DATA EXTRACTS below:

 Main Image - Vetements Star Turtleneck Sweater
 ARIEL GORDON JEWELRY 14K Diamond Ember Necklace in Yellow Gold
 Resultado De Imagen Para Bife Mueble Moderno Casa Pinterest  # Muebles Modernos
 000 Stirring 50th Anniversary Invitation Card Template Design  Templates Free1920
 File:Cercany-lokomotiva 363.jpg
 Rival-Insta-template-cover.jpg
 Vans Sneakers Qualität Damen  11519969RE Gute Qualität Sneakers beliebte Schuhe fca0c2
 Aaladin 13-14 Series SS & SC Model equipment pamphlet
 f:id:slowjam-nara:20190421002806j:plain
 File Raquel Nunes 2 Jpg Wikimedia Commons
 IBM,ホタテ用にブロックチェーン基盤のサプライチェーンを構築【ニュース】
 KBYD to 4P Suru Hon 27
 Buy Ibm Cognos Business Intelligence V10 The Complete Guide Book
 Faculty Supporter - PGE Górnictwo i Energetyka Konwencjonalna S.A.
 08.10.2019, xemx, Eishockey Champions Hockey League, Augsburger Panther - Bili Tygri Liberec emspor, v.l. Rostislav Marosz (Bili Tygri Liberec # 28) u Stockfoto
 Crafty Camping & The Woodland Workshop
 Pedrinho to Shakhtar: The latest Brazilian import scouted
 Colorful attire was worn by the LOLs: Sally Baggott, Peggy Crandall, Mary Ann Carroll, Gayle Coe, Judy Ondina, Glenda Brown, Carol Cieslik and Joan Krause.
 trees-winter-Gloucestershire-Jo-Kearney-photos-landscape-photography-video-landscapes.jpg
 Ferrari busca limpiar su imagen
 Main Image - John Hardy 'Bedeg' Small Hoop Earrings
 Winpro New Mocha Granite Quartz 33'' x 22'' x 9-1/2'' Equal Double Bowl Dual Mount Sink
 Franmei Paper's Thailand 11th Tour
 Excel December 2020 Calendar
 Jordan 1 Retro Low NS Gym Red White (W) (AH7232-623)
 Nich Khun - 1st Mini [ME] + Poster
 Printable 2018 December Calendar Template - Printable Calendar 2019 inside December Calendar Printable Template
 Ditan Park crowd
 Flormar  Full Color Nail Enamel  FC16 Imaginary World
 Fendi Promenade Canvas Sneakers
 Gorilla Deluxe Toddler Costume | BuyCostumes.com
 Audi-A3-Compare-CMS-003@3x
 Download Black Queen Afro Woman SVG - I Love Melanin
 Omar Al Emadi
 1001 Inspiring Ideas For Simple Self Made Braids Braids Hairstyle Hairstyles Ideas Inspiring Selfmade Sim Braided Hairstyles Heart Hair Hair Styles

End of DATA EXTRACTS.

● **WHAT IS EXPECTED**:
Make an exact copy of the lines running from the one with "FC16 Imaginary World" to the last line of the listing, including both ends.

● **EXERCISE RESULT**:
 Flormar  Full Color Nail Enamel  FC16 Imaginary World
 Fendi Promenade Canvas Sneakers
 Gorilla Deluxe Toddler Costume | BuyCostumes.com
 Audi-A3-Compare-CMS-003@3x
 Download Black Queen Afro Woman SVG - I Love Melanin
 Omar Al Emadi
 1001 Inspiring Ideas For Simple Self Made Braids Braids Hairstyle Hairstyles Ideas Inspiring Selfmade Sim Braided Hairstyles Heart Hair Hair Styles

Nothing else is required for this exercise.